何秀兰觉得心里有个疙瘩解不开,又说:“算了,没什么,你别往心里去。”
“你这趟到底去国外干什么?”魏丽忽然问,“真的是培训吗?我怎么觉得你不对劲?”
何秀兰笑了笑:“就是培训,你别瞎想。”
挂了电话,何秀兰靠在长椅上,看着天空。天很蓝,云很白,一切都很好。她心里却乱得要命。
晚上,何秀兰回到房间,又翻出那本病历。她看了好几遍,还是想不通。她准备把病历收起来,忽然发现病历本里有张纸掉了出来。
是一张手术同意书。上面清楚写着:肝移植手术,供体为蒋明德(父亲),受体为XXX,患者年龄二十五岁。
何秀兰愣住了。
她看了看日期:1998年8月。
如果父亲捐肝的对象是二十五岁,那就不可能是她这个当时已经二十三岁的女儿。
那个年纪的患者,应该是跟她差不多同龄的年轻人。
那会是谁?
何秀兰脑子里一片空白。她想起那张老照片,“小芸”。那个女人年纪,如果还活着,应该也五十多岁了。
她忽然想到一个可能性:如果当年父亲把肝捐给了那个“小芸”呢?她们是什么关系?父亲为什么要瞒着她?
何秀兰决定去找马慧颖问清楚。她走到护士站,正好看到马慧颖在值班。
“小马,我能问你个事吗?”
马慧颖抬起头,有些犹豫地说:“何老师,您说。”
“昨天你说你妈认识我,她有没有跟你提过我爸?”
马慧颖的脸色变了变。她沉默了很久,才开口:“何老师,我本来不想说的,但既然您问起来了,那我就直说了。”
“你爸当年做的肝移植,我妈就是那个受体。”
何秀兰脑子里嗡了一声:“你说什么?”
“我妈叫马素云,你爸的肝就是捐给她了。”马慧颖声音发抖,“那年我还小,不太记事,后来我妈跟我说过很多次,说她这一辈子最感激的人,就是你爸。”
“他们……是什么关系?”何秀兰问。
“你妈和我妈是表姐妹。”马慧颖说,“你妈病逝前,托你爸照顾我妈。你爸答应了。”
何秀兰整个人都愣住了。她妈是什么时候走的?走的时候她多大?她怎么一点印象都没有?
“我妈跟我说过,你爸在她最困难的时候收留了她,还给她捐了肝。”马慧颖说,“你爸是个好人,他一直没告诉你这些事,就是不想让你多想。”
何秀兰坐在护士站的长椅上,手在发抖。她翻出父亲那张老照片,问:“这张照片……是你妈吗?”
马慧颖接过来,看了一眼,眼里有泪光:“是我妈。”
何秀兰看着那张照片,觉得一切都能解释通了。
父亲为什么瞒着她,为什么一辈子不提自己的病情。
他照顾了小芸一辈子,最后还把肝捐给了她,却一句都不跟女儿说。
“你妈……现在还好吗?”何秀兰问。
“两年前走的。”马慧颖说,“肝癌。你爸捐的肝,让她多活了二十年。

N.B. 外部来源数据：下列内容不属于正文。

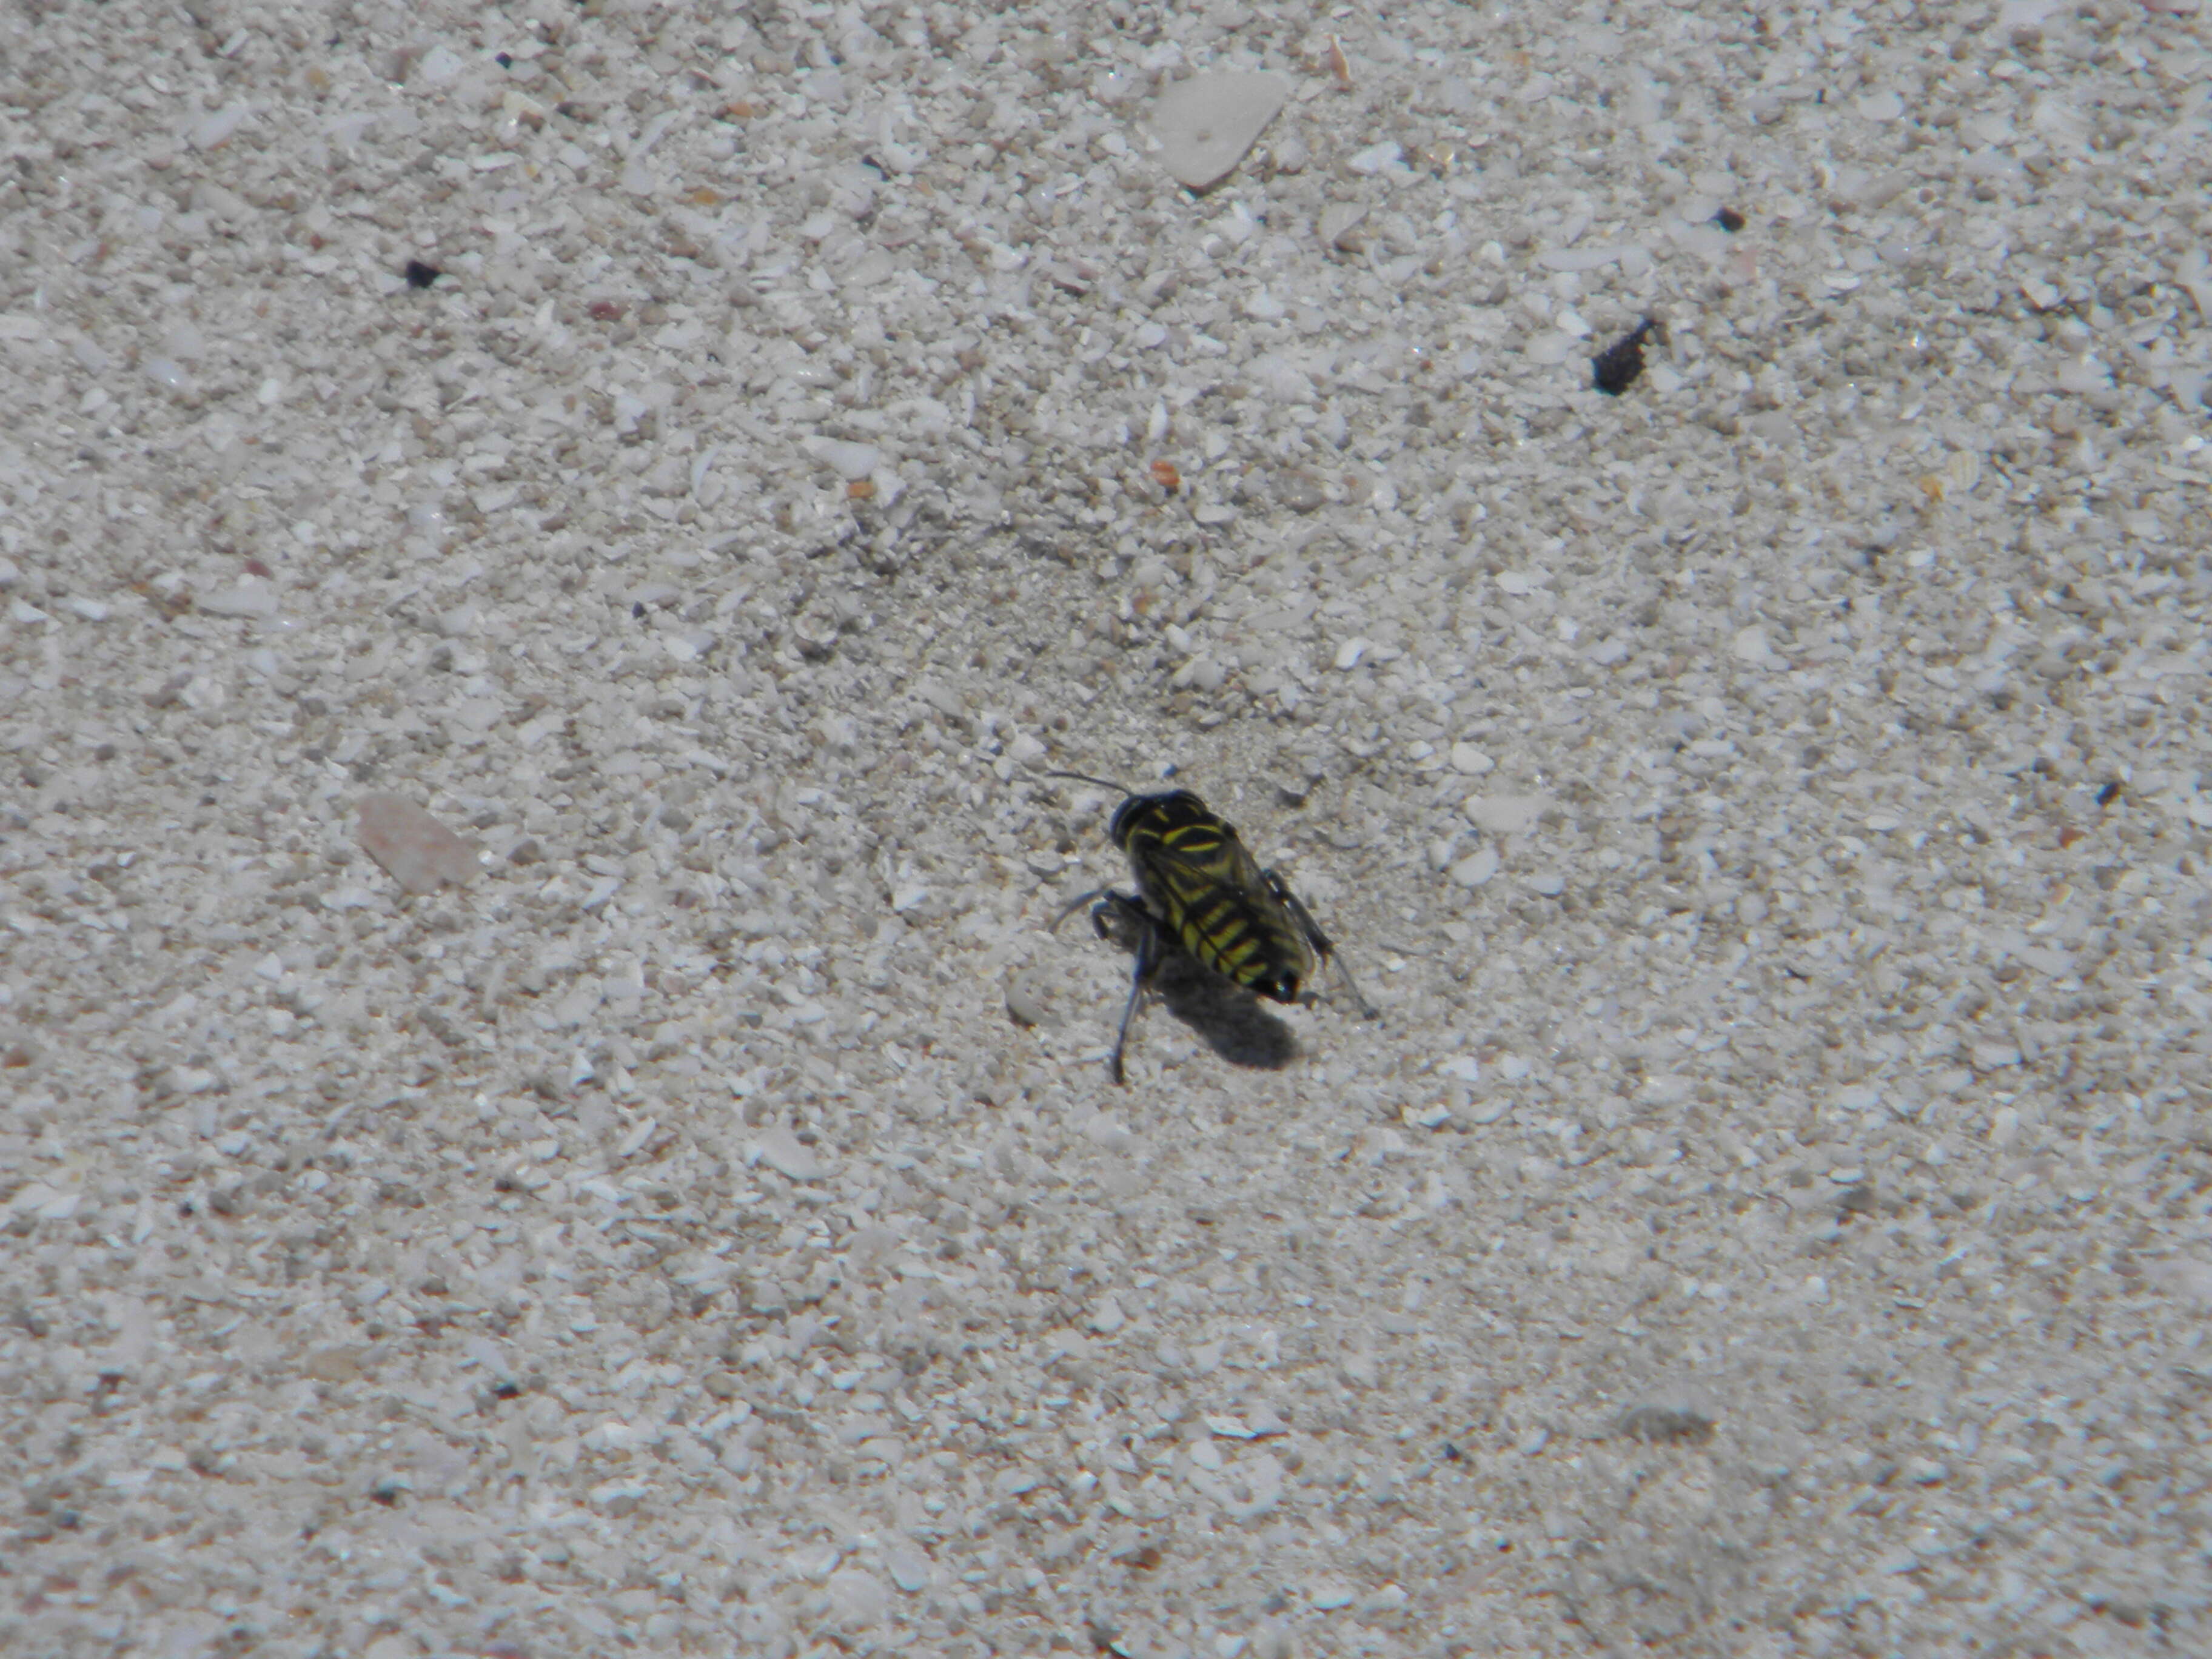 Image of Sand Wasps

”
何秀兰不再说话。
她低着头,把照片收好,站起身,走回房间。
她不知道该怎么形容自己的心情。
有愧疚,她什么都不知道;也有遗憾,她永远都没机会跟父亲好好说声谢谢。
她躺在床上,看着天花板,眼泪顺着眼角流下来。
06
冷静期最后一天,何秀兰签了安乐死同意书。她握着笔,手很稳,没有发抖。签完字,她把笔放下,对工作人员说:“可以了。”

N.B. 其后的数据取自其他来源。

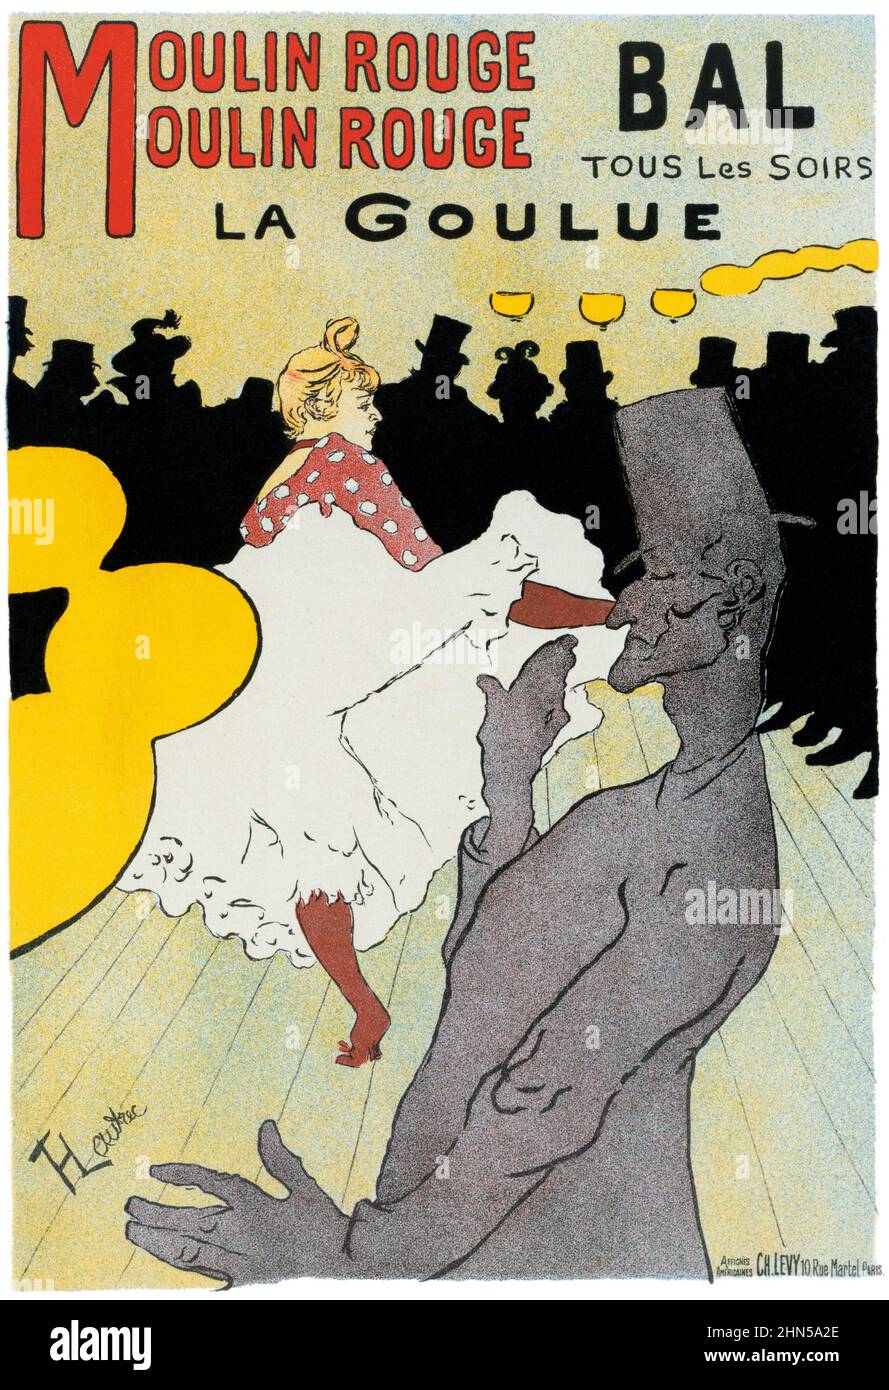 Antike Vintage-Kunst von Henri Toulouse-Lautrec. Moulin Rouge: La Goulue. 1891. Dieses ist in sehr gutem Zustand. Etwas verbessert. Stockfoto

工作人员把文件收走了。何秀兰坐在房间里,看着窗外,等最后的通知。
太阳光从窗户照进来,落在她的手上。
她摊开手掌,看着自己的掌纹,忽然想起母亲临终前拉着她的手说的那句话:“小兰,妈不在了以后,你自己要照顾好自己。”
“妈,对不起。”何秀兰自言自语,“我可能做不到了。”
她掏出手机,给蒋一鸣发了条消息:“妈很好,你在家好好照顾自己。”
蒋一鸣没回。何秀兰看着手机屏幕,等了很久,最后还是把手机收了起来。
下午两点,护士来敲门。一个外国护士,金发蓝眼,说话温柔:“何女士,准备好了吗?”
何秀兰点了点头。她站起身,跟着护士走进那个白色的小房间。房间不大,中间放着一张床,旁边是注射设备。窗帘拉着,灯开着,一切都很安静。
何秀兰在床上躺下来,护士在旁边准备药物。她看着天花板,心里很平静。这几个月来的所有煎熬、恐惧、痛苦,终于要结束了。

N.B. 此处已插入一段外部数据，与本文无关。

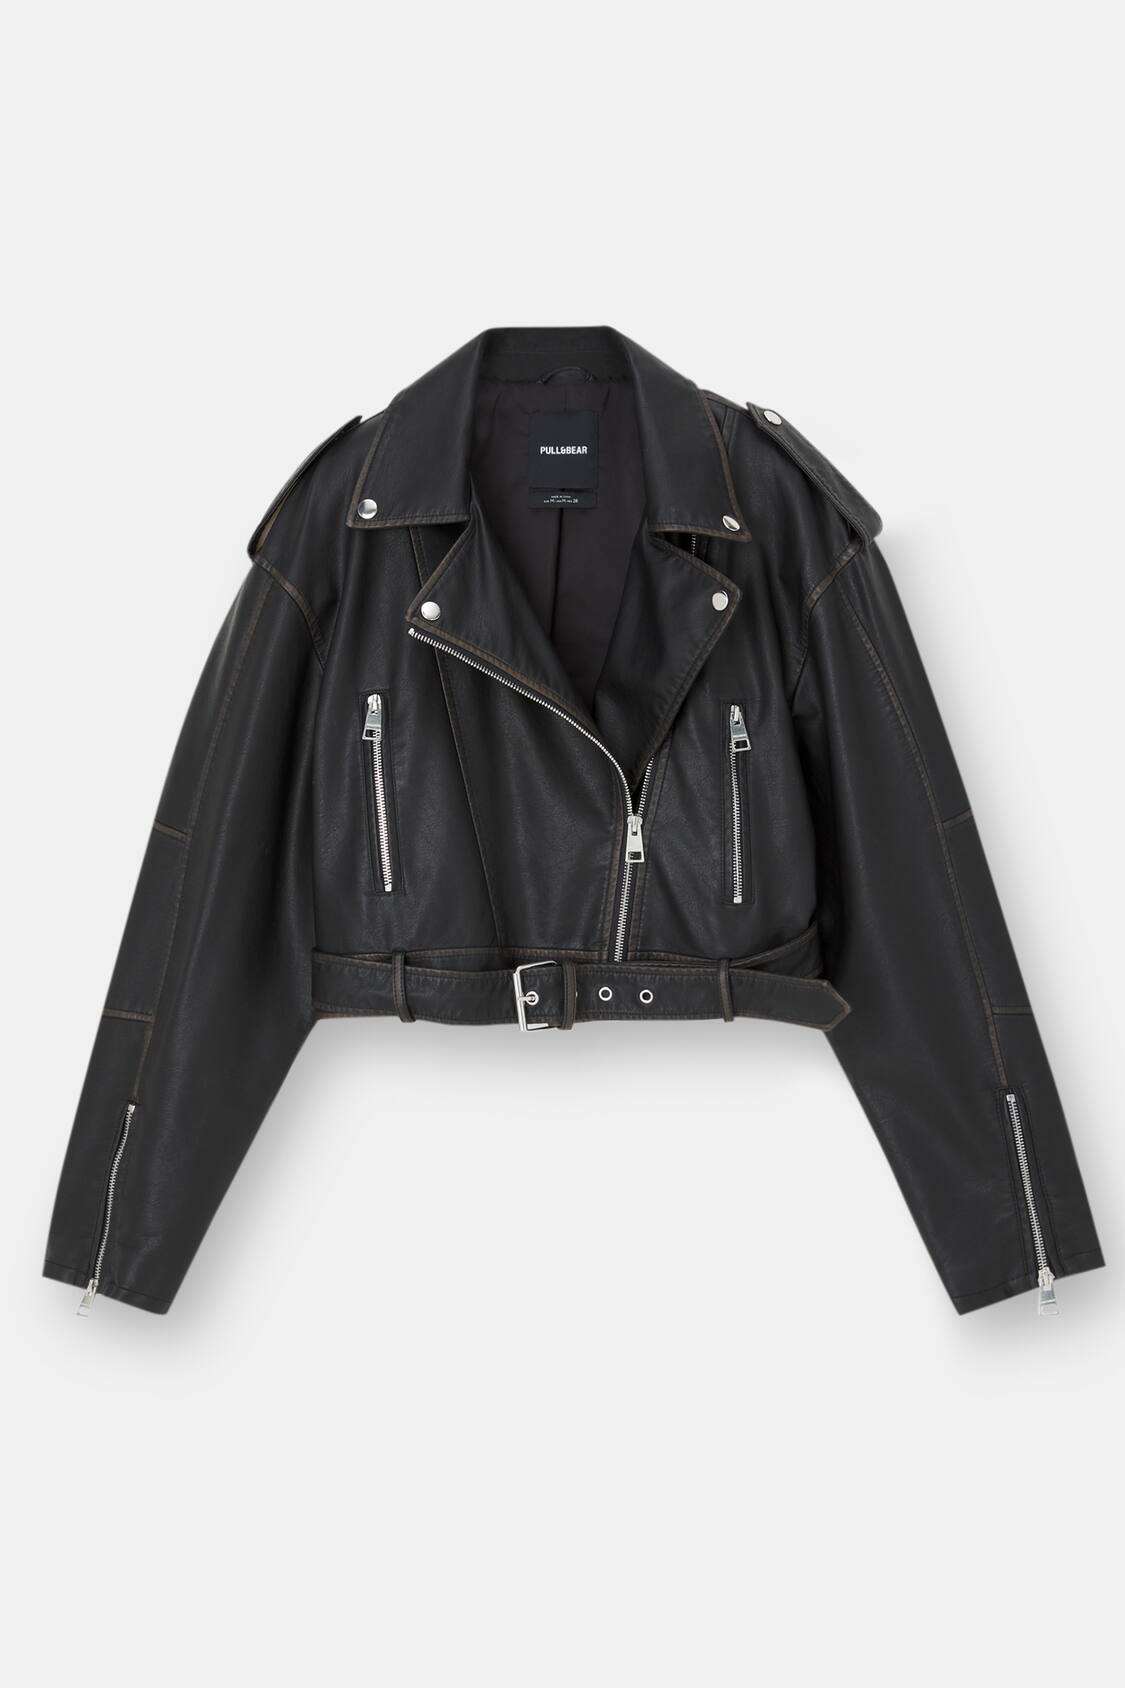 Pull&Bear Women's' Black Oversize Faux Leather Biker Jacket

“何女士,您确定吗?”护士用中文重复了一遍确认程序。
“确定。”何秀兰说。
护士拿起了注射器,靠近何秀兰的手臂。何秀兰闭上眼睛,等待那一刻的到来。
就是这时候,门突然被撞开了。
何秀兰睁开眼,看到马慧颖站在门口,头发散了,脸上全是汗。她手里举着一份文件,声音发颤:“何女士,不能打!”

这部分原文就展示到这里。